One of the common trends in machine learning has been an emphasis on the use of unlabeled data. The argument goes something like “there aren’t many labeled web pages out there, but there are a huge number of web pages, so we must find a way to take advantage of them.” There are several standard approaches for doing this:
- Unsupervised Learning. You use only unlabeled data. In a typical application, you cluster the data and hope that the clusters somehow correspond to what you care about.
- Semisupervised Learning. You use both unlabeled and labeled data to build a predictor. The unlabeled data influences the learned predictor in some way.
- Active Learning. You have unlabeled data and access to a labeling oracle. You interactively choose which examples to label so as to optimize prediction accuracy.
It seems there is a fourth approach worth serious investigation—automated labeling. The approach goes as follows:
- Identify some subset of observed values to predict from the others.
- Build a predictor.
- Use the output of the predictor to define a new prediction problem.
Examples of this sort seem to come up in robotics very naturally. An extreme version of this is:
- Predict nearby things given touch sensor output.
- Predict medium distance things given the nearby predictor.
- Predict far distance things given the medium distance predictor.
Some of the participants in the LAGR project are using this approach.
A less extreme version was the DARPA grand challenge winner where the output of a laser range finder was used to form a road-or-not predictor for a camera image.
These automated labeling techniques transform an unsupervised learning problem into a supervised learning problem, which has huge implications: we understand supervised learning much better and can bring to bear a host of techniques.
The set of work on automated labeling is sketchy—right now it is mostly just an observed-as-useful technique for which we have no general understanding.

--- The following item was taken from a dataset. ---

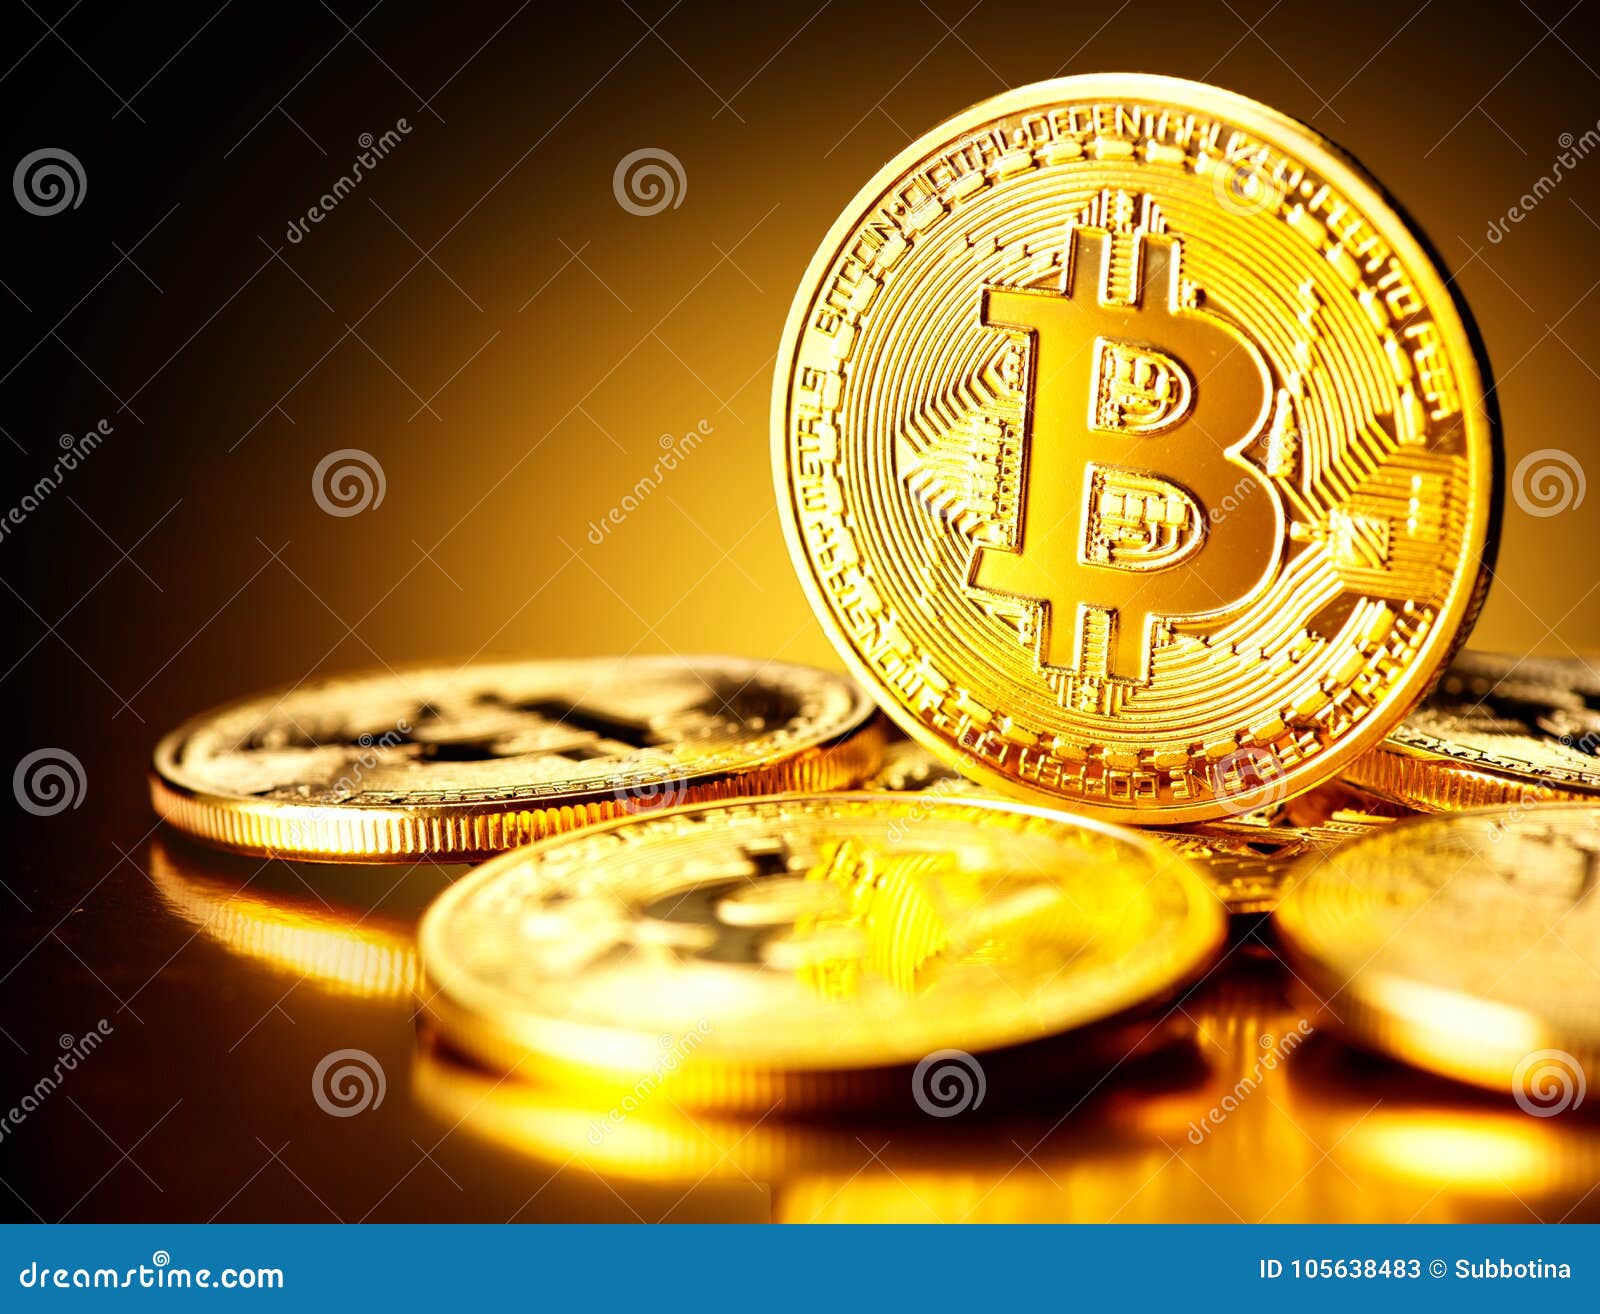 valeur bitcoin dollar canadien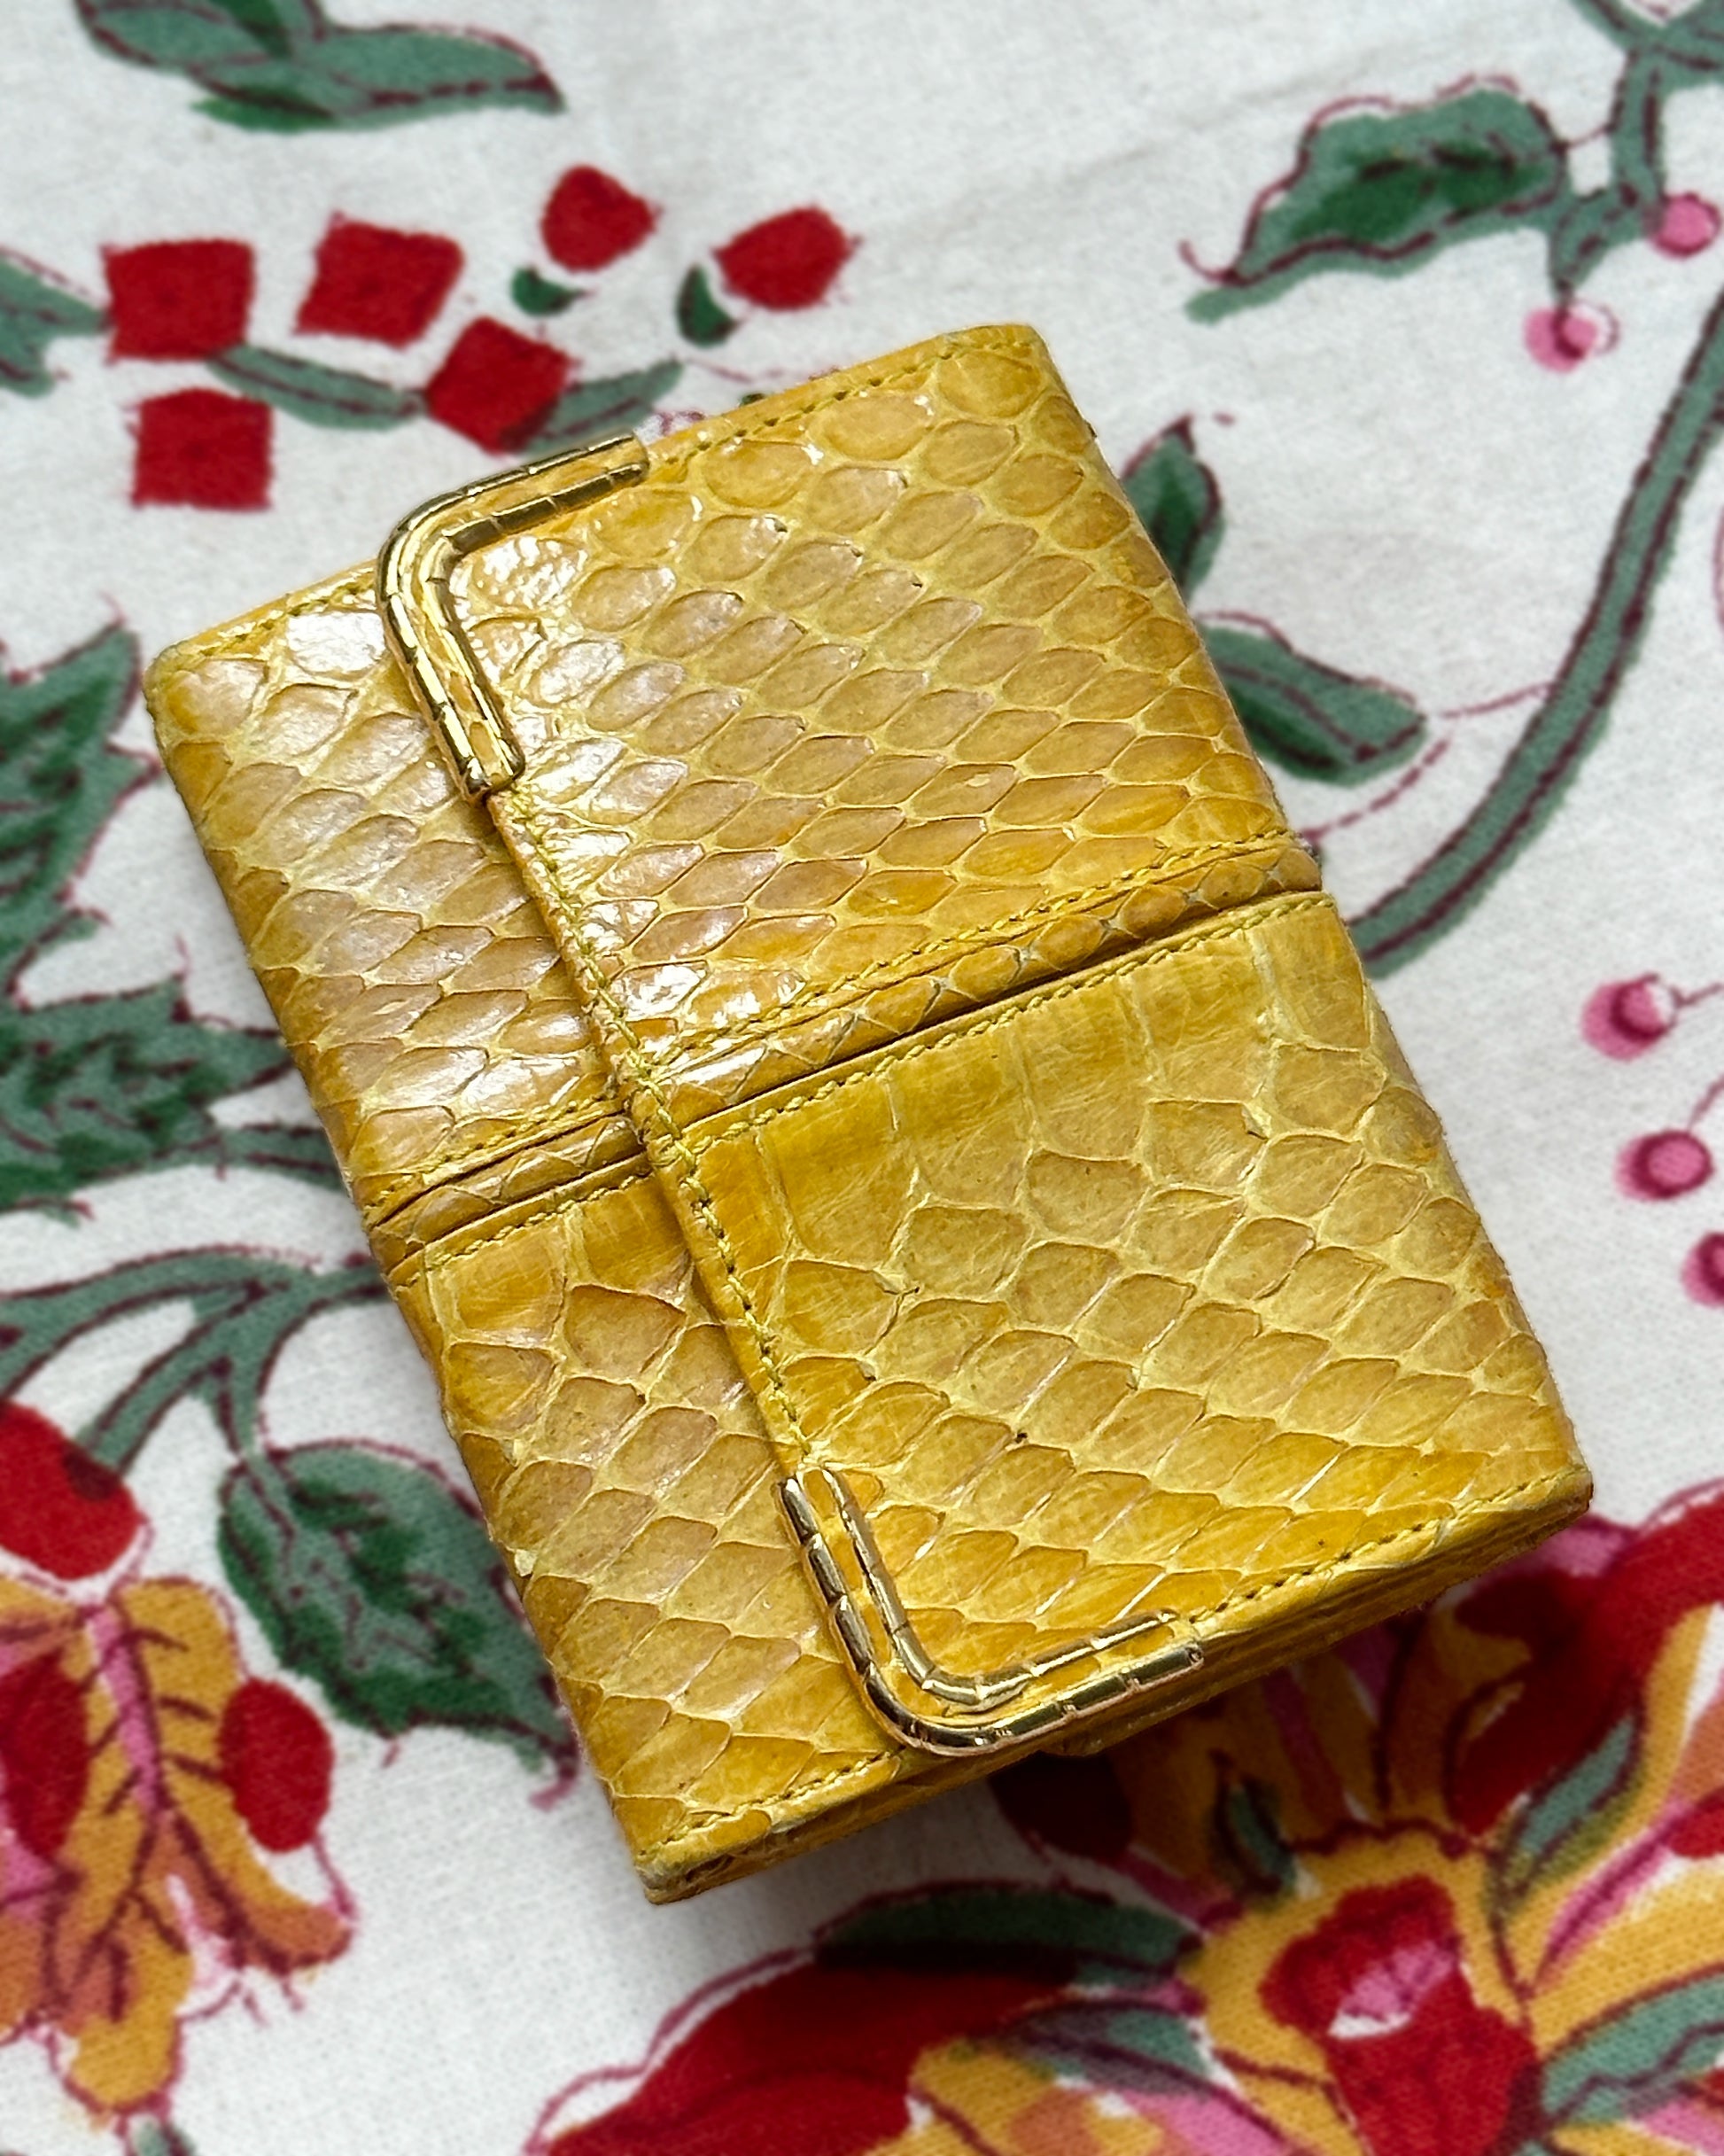 Judith Leiber Vintage Snakeskin Wallet

Some relevant bits of algorithm and theory are:
- Reinforcement learning to classification reductions which convert rewards into labels.
- Cotraining which considers a setting containing multiple data sources. When predictors using different data sources agree on unlabeled data, an inferred label is automatically created.
It’s easy to imagine that undiscovered algorithms and theory exist to guide and use this empirically useful technique.